Chronic Kidney Disease and Micronutrients
To investigate the effects of phosphorus supplementation for 15 days on mineral metabolism in patients with successful kidney allografts.
Subjects with kidney transplant; stable allograft function with serum creatinine consistently less than 2.0mg per dL and phosphate equal or less than 3.5mg per dL at the time of the study.
None except not meeting all inclusion criteria.
Recruitment
The study was performed during January and February 1997. However, there is no mention as to how patients were recruited.
Design
Kidney transplant recipients with 41±18 months of transplantation took part in the study. After a wash-out period of one month in which oral phosphorus supplementation was discontinued, biochemical parameters were measured in the baseline period (FO period). Then patients received 1.5g per day of oral phosphorus for 15 days, and the same parameters were determined (F1 period). Blood and 24-hour urine were collected for the measurements of all biochemical parameters. All patients were advised to continue with their habitual diets during these 15 days. All of them were on triple immunosuppressive therapy. None of them received allopurinol, anticonvulsants, vitamin D supplements, antacids or other drugs.

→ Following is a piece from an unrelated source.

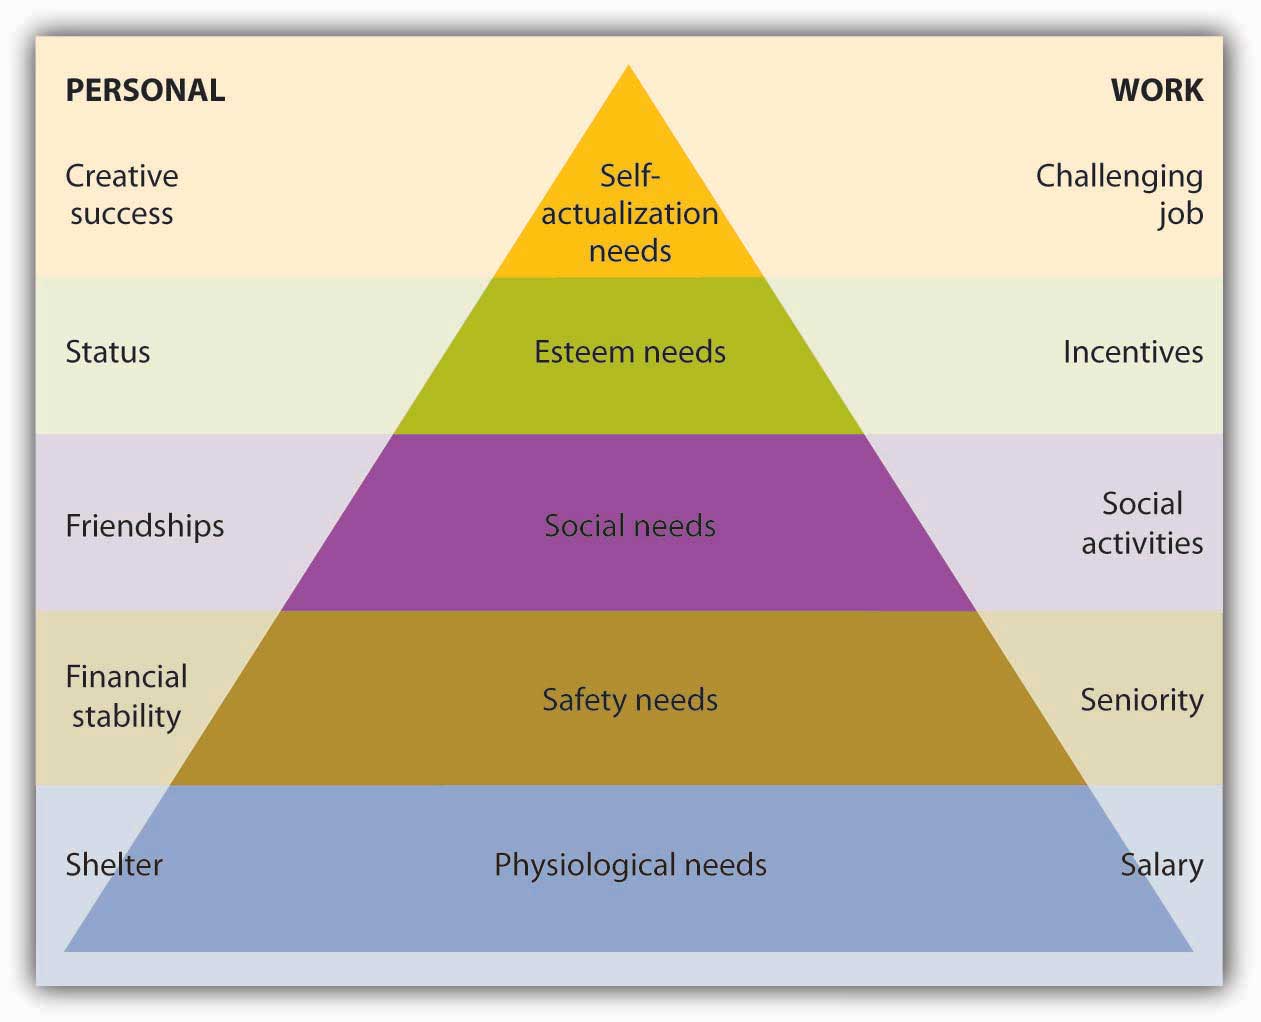 Maslow's Hierarchy-of-Needs Theory
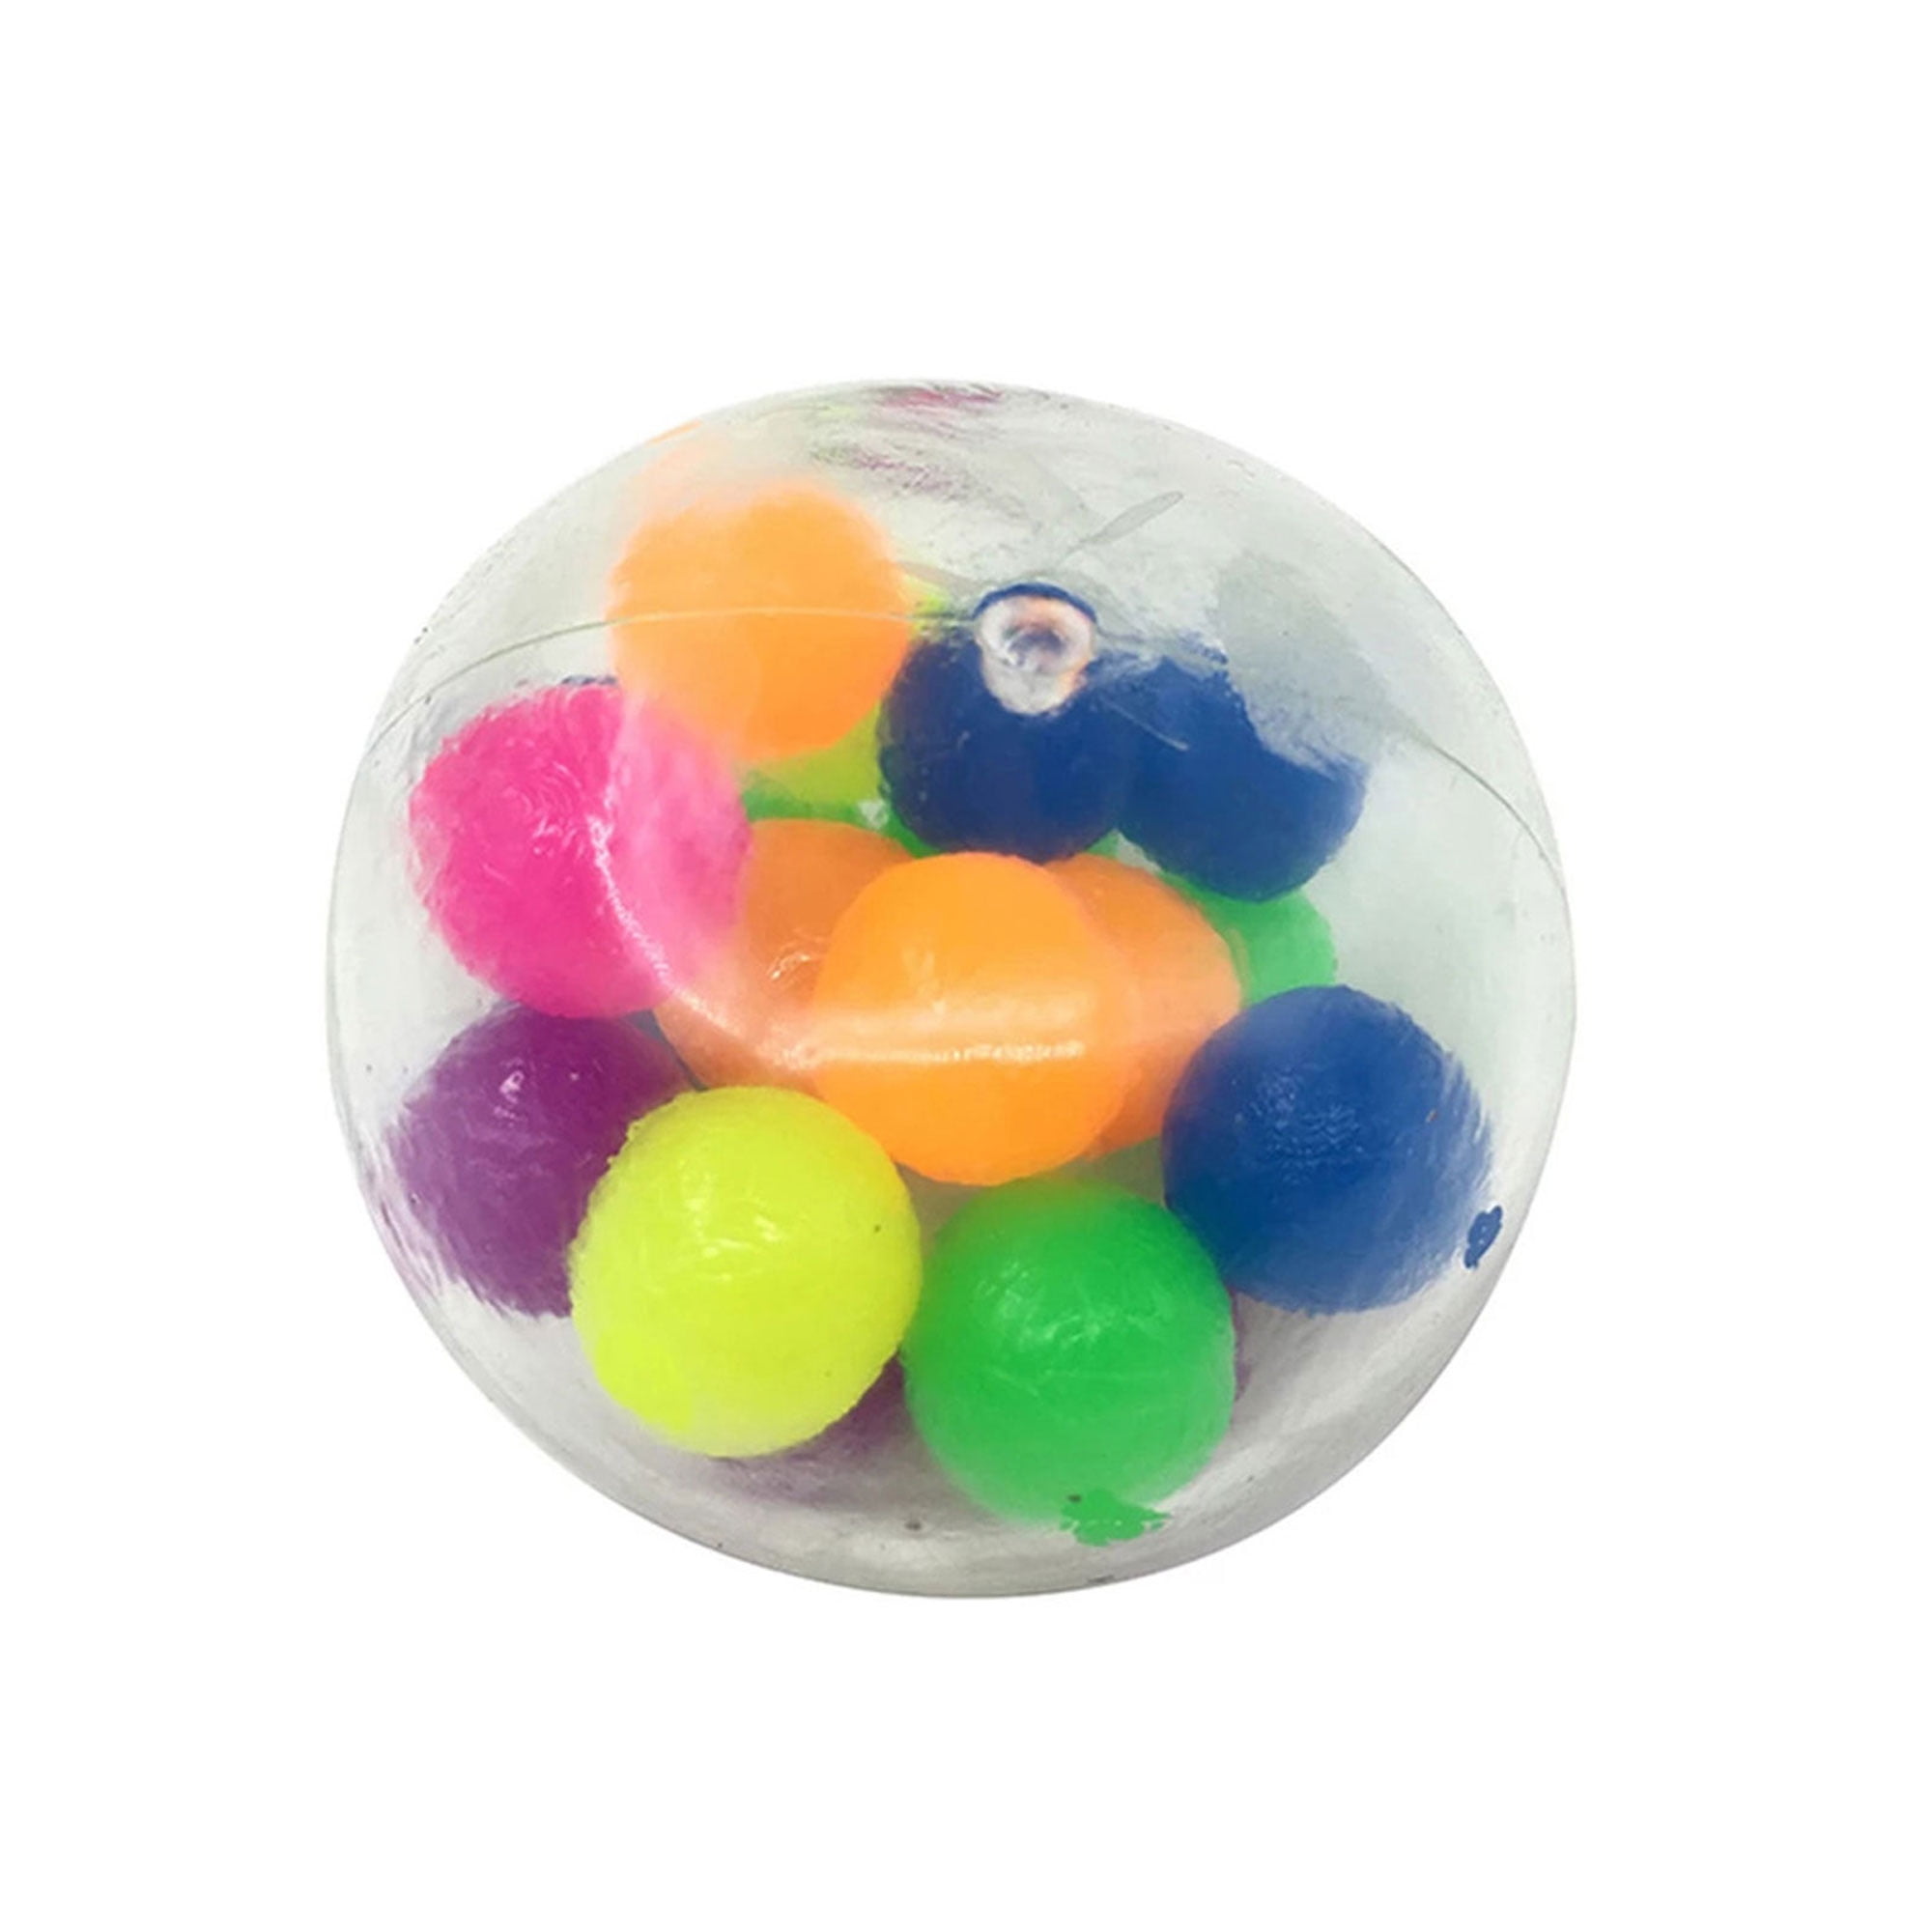 Details about   DNA Squish Stress Ball by Special Supplies 4-Pack

For data analysis, patients were divided into two subgroups according to allograft function; optimal group with a creatinine clearance of more than 70ml per minute per 1.73m2 and an suboptimal group with a CrCl ranging between 46ml and 69ml per minute per 1.73m2.
Intervention
Oral phosphorus, 1.5g per day (750mg tablet each).
Statistical Analysis
Paired T-test was used for before and after the supplementation, and T-test for comparisons between subgroups. The correlation between continuous variables was measured by Pearson's test. Stepwise multiple linear regression was utilized to establish the best determinants over the PTH changes after supplementation. P<0.05 was considered to be statistically significant.
Timing of Measurements
Biochemical parameters from blood and urine samples were determined at baseline and after 15 days of oral phosphorus supplementation.
Dependent Variables
- PTH
- Serum bicarbonate
- 25 hydroxycholecalciferol
- 1,25 dihydroxycholecalciferol
- Uric acid
- Total calcium corrected to albumin
- Phosphate
- Alkaline phosphatase
- Serum bicarbonate
- Creatinine
- Creatinine clearance.
Independent Variables
Oral phosphate.
- Initial N: 32 (15 females, 17 males)
- Attrition (final N): 32 (15 females, 17 males)
- Age: Mean age, 50+12
- Other relevant demographics: Only three patients received diuretics (furosemide 40mg per day). The PTH concentrations obtained immediately before kidney transplantation were available in all patients. None of the patients had acute or chronic inflammatory, infectious, tumoral or liver disease, diabetes or proteinuria greater than 1.0g per 24 hours.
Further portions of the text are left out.